|Home | About | Journals | Submit | Contact Us | Français|
We report multifactorial analysis of candidate mechanisms of Alzheimer's disease utilizing high content analysis, gene expression microarray, and linear regression model to integrate neuronal imaging data with hippocampal gene expression data. Our analysis led to the identification of several genes that may contribute to different image traits or phenotypes in the amyloid-beta (Aβ) injured neurons. Gene network and biological pathways analysis for those genes were further analyzed and led to several novel pathways that may contribute to amyloid plaque triggered neurite loss.

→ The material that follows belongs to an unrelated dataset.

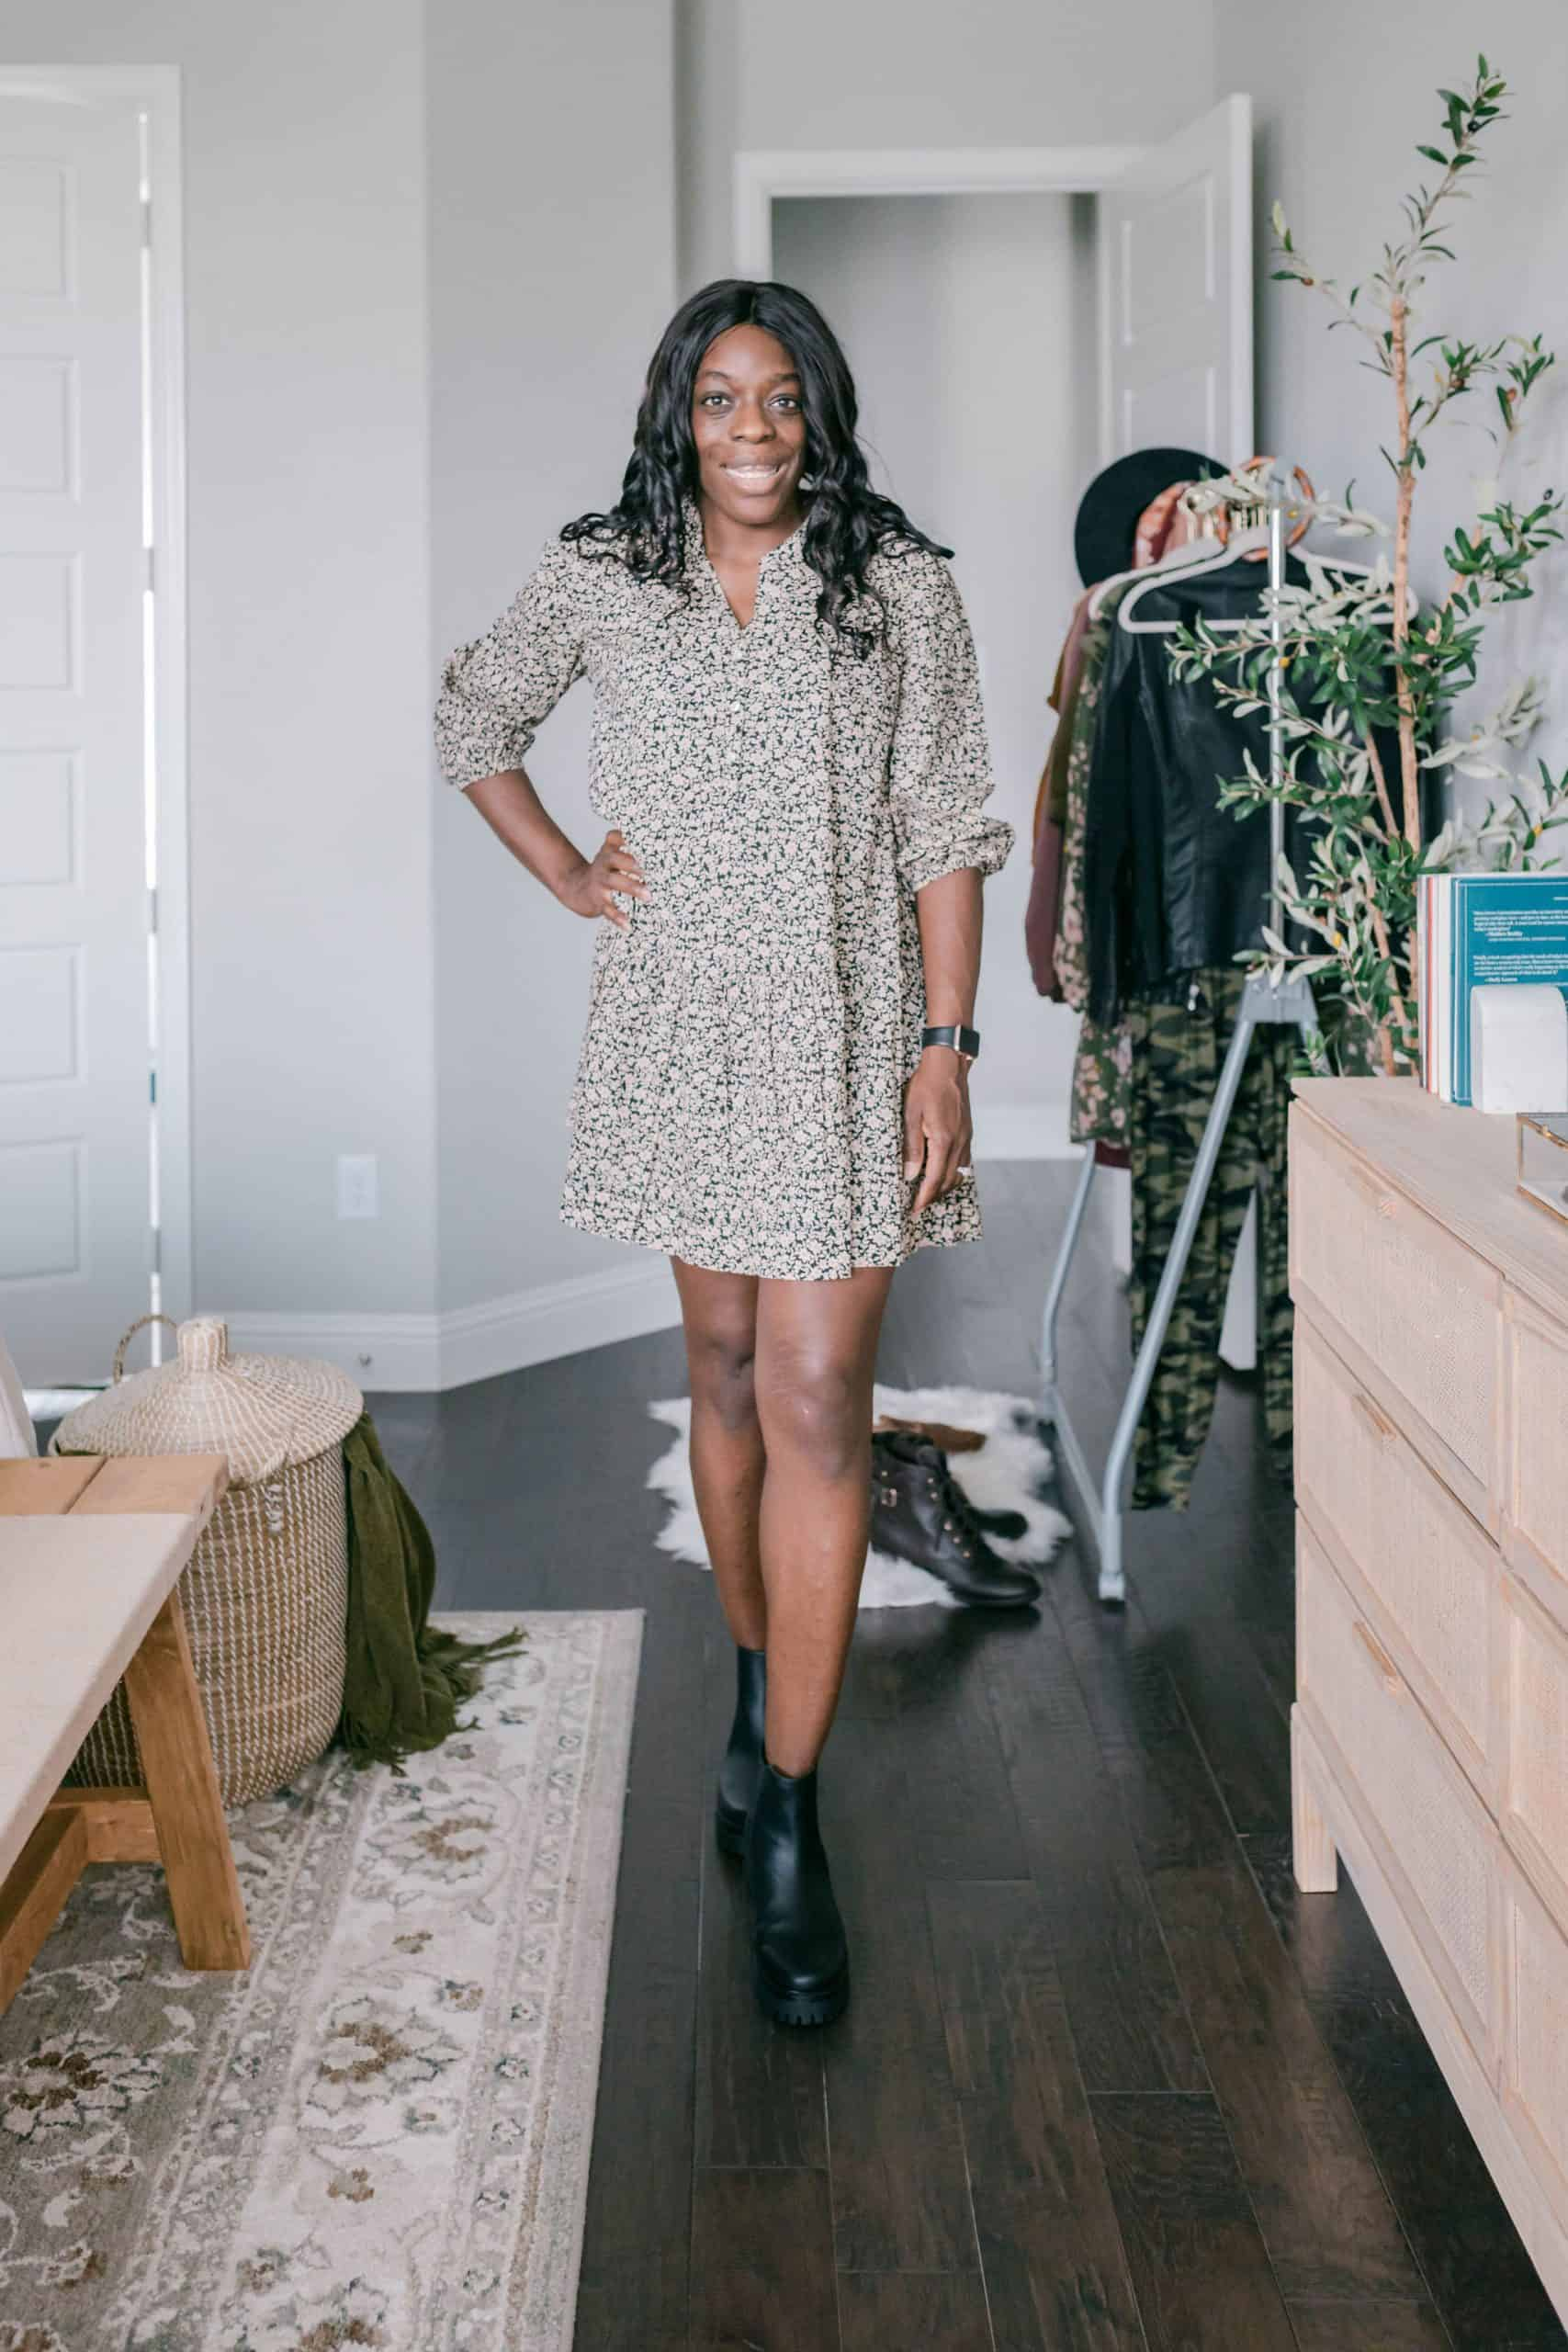 Modeling dress in bedroom

Alzheimer's disease (AD) is considered as one of the most common age associated neurodegenerative disorders affecting tens of millions worldwide. Extracellular amyloid plaques, intracellular neurofibrillary tangles (NFT), cerebrovascular amyloid, dystrophic neuritis, and loss of synaptic connections are classical markers of neurodegeneration in AD. Currently the leading hypothesis argues that aberrant toxic Aβ aggregation causes synaptic dysfunction, oxidative stress, ionic dyshomeostasis, tau aggregation, and apoptosis . Advanced microscopic imaging and image analysis methods have been developed to observe and analyze neuronal images under neurodegenerative conditions [2-6]. Meanwhile, development of microarray technology provides neurobiologists with a tool to simultaneously measure the expression levels of tens of thousands of genes, offering possible molecular clues regarding mechanisms underlying the disease pathophysiology [7-10]. However, a coherent picture explaining cellular changes associated with AD at the molecular level has not emerged thus far. We employed a linear regression model for establishing a link between image features and microarray data. Figure 1 describes the concept of the proposed integrative genomics and bioimaging approach. We termed this approach an “image based system biology.”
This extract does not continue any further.